▸ **Information supplied**:
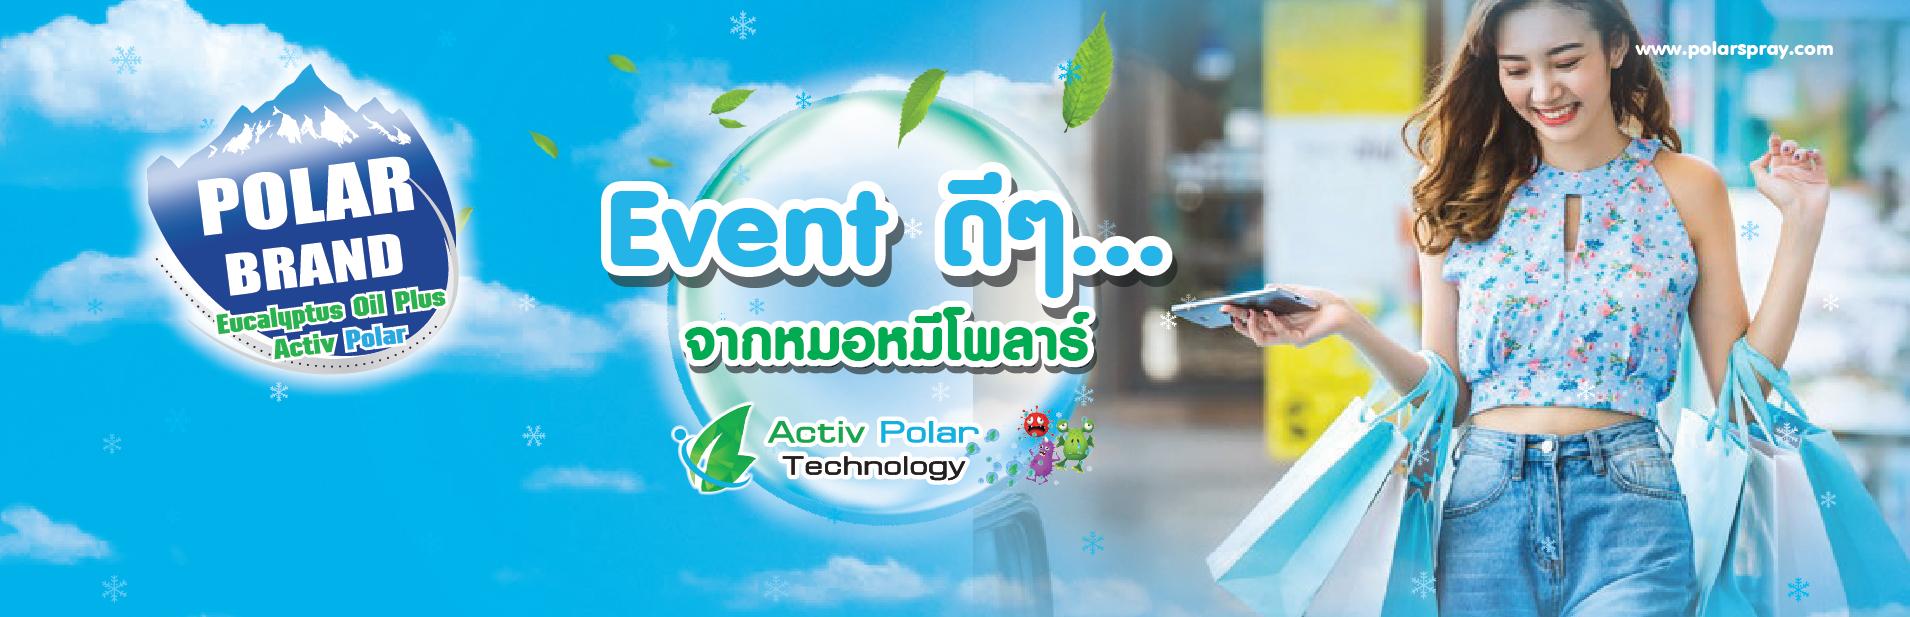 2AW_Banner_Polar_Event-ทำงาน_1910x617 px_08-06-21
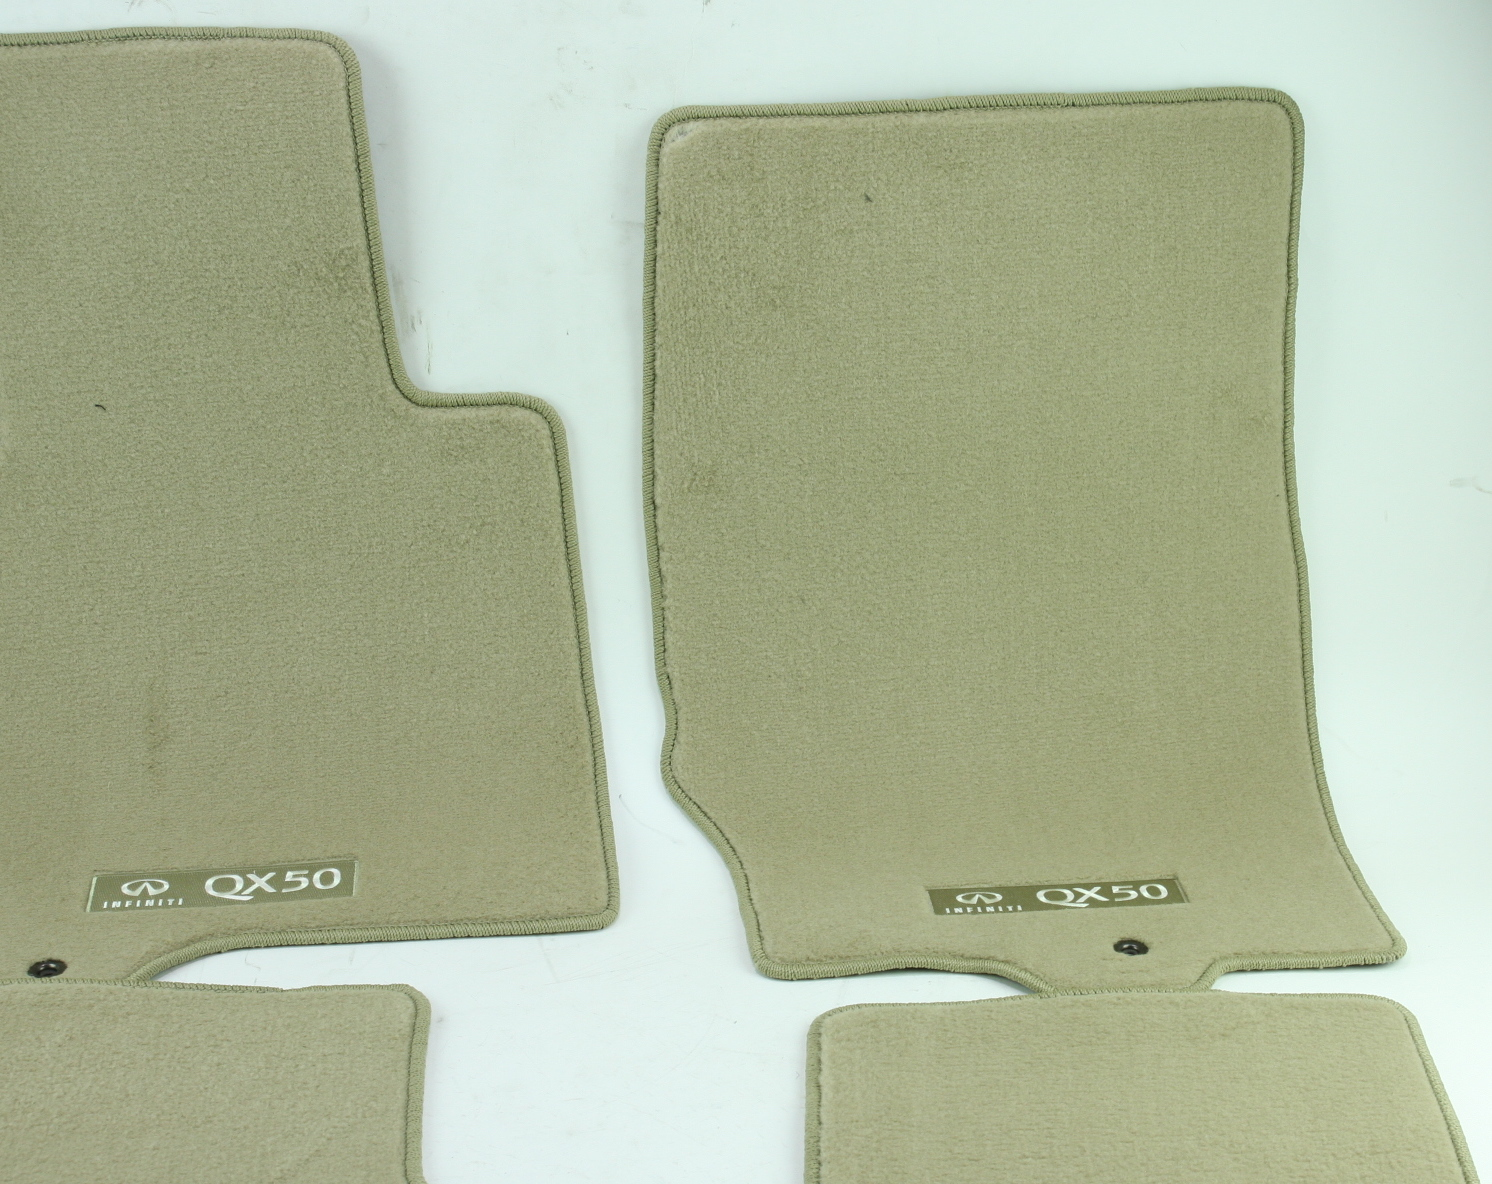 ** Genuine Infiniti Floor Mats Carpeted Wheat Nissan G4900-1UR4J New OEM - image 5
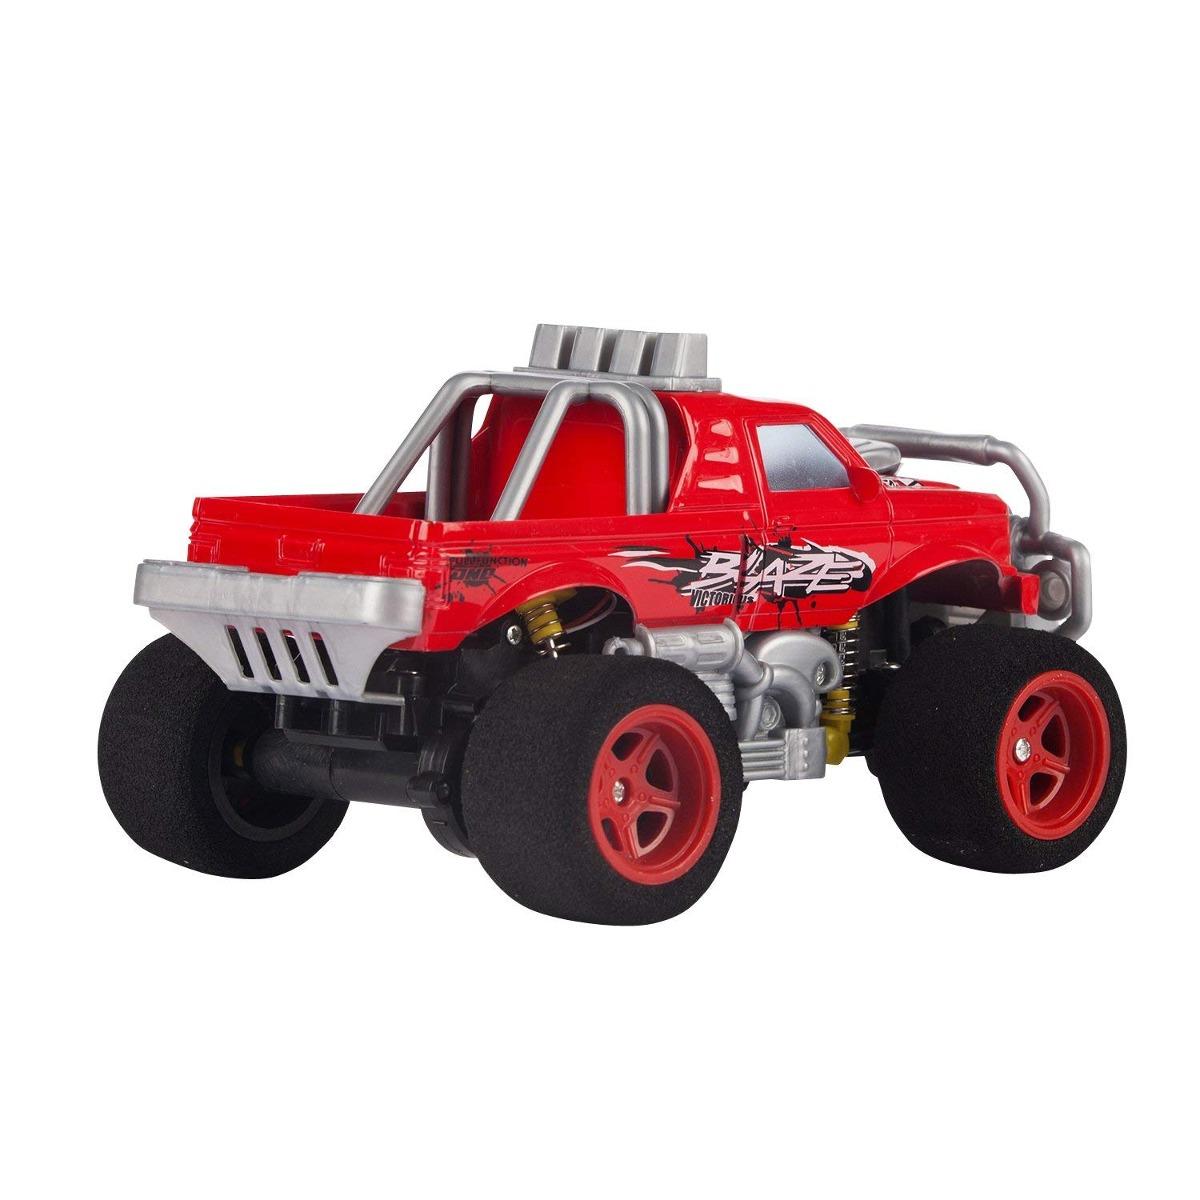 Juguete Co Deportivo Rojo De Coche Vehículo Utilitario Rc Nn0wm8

▸ **Your objective**: Exact transcription of the full listing above is required; images do not belong in it.

▸ **Exercise output**:
 2AW_Banner_Polar_Event-ทำงาน_1910x617 px_08-06-21
 ** Genuine Infiniti Floor Mats Carpeted Wheat Nissan G4900-1UR4J New OEM - image 5
 Juguete Co Deportivo Rojo De Coche Vehículo Utilitario Rc Nn0wm8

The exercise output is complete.